The cooler line out (front-most) should be warmer than the bypass. If not, you are in an abnormal condition. That can be caused by two things.

1) The cooler circuit is blocked by crud of some kind, and won't allow fluid to flow through.
2) The bypass valve has failed and is stuck open, allowing the cooling fluid to immediately return to the rear port without being cooled.

To test it, remove the REAR cooler line (the return from the coolers) and stick it into a bucket. Run the engine for 15 seconds. You should have at least 32 ounces of fluid in the bucket, and NO fluid coming out of the open trans port. You might want to put a pan under that port, as you will most likely have fluid coming out in your situation.

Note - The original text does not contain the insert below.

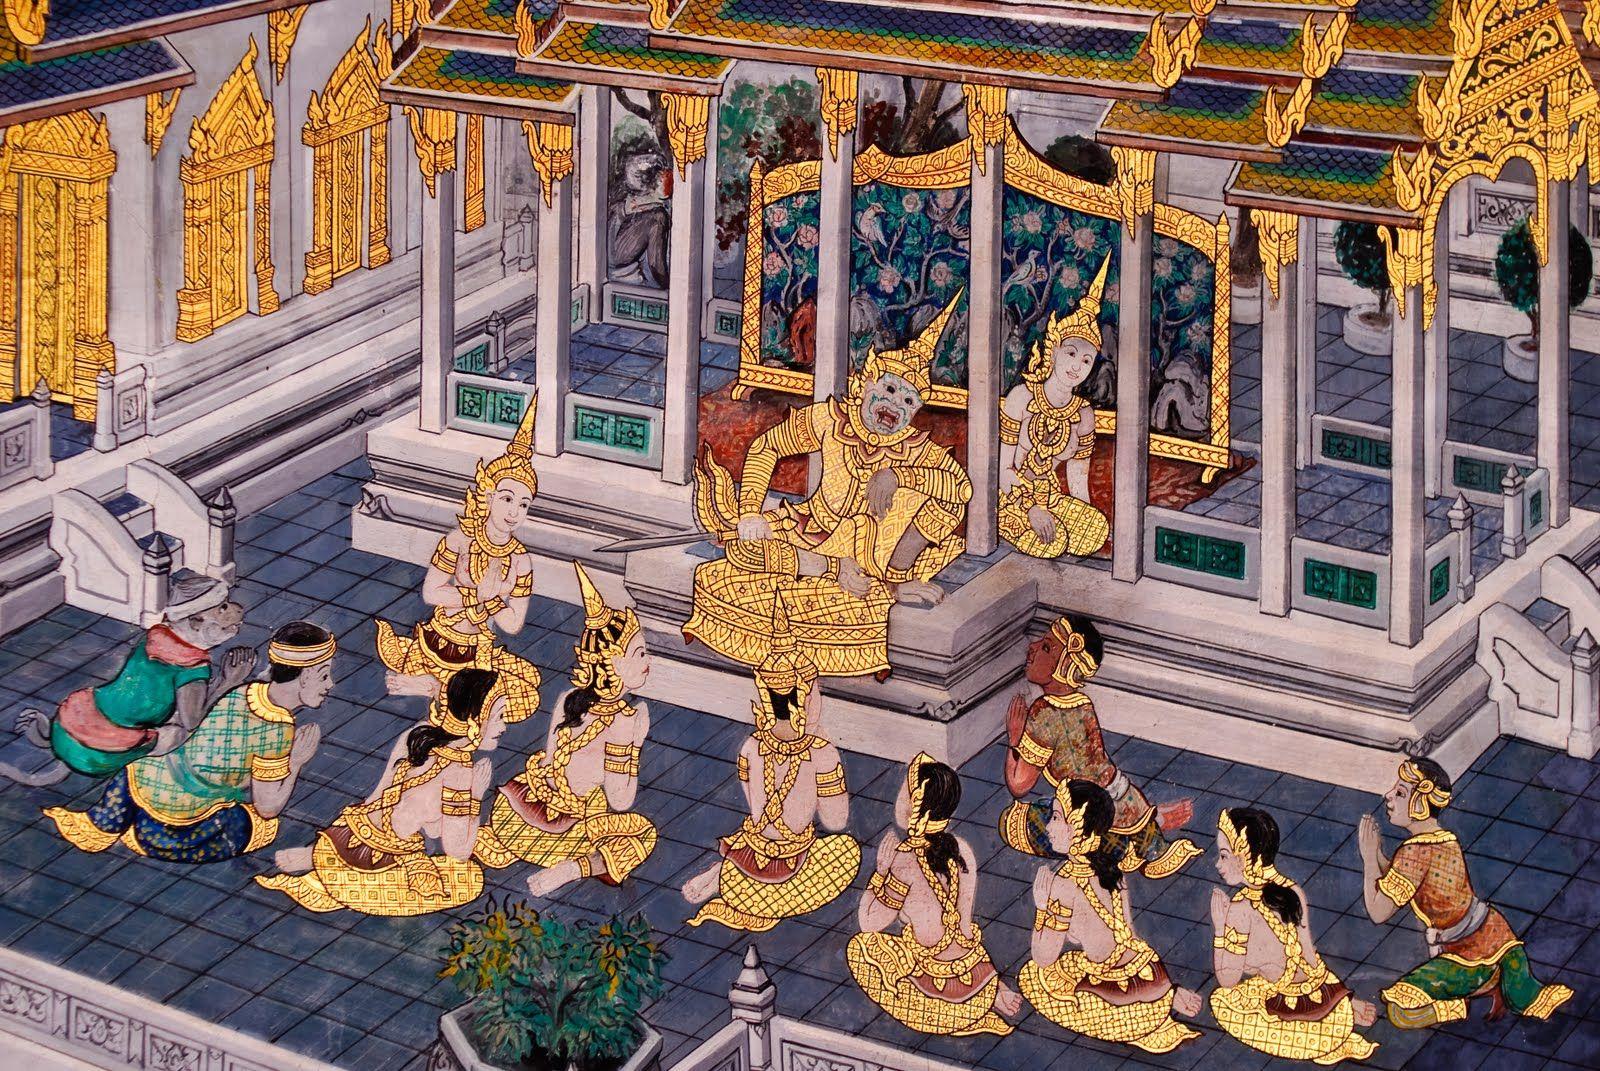 Asiatische Gartendeko Frisch Ministers Smaller Confident but Bows Down to Ravana

If everything fails the testing, how do you determine which reason is causing the problem? You need to somehow block off the "banjo-bolt" of the rear bypass tube, and repeat the test. I've found that a couple of steel washers, a couple of rubber washers, and a bolt and a wing-nut make a suitable blockage device. If you then get your 32 ounces, it's the valve, not the coolers. If not, then you have a legitimate cooler blockage, and the valve is just doing its job.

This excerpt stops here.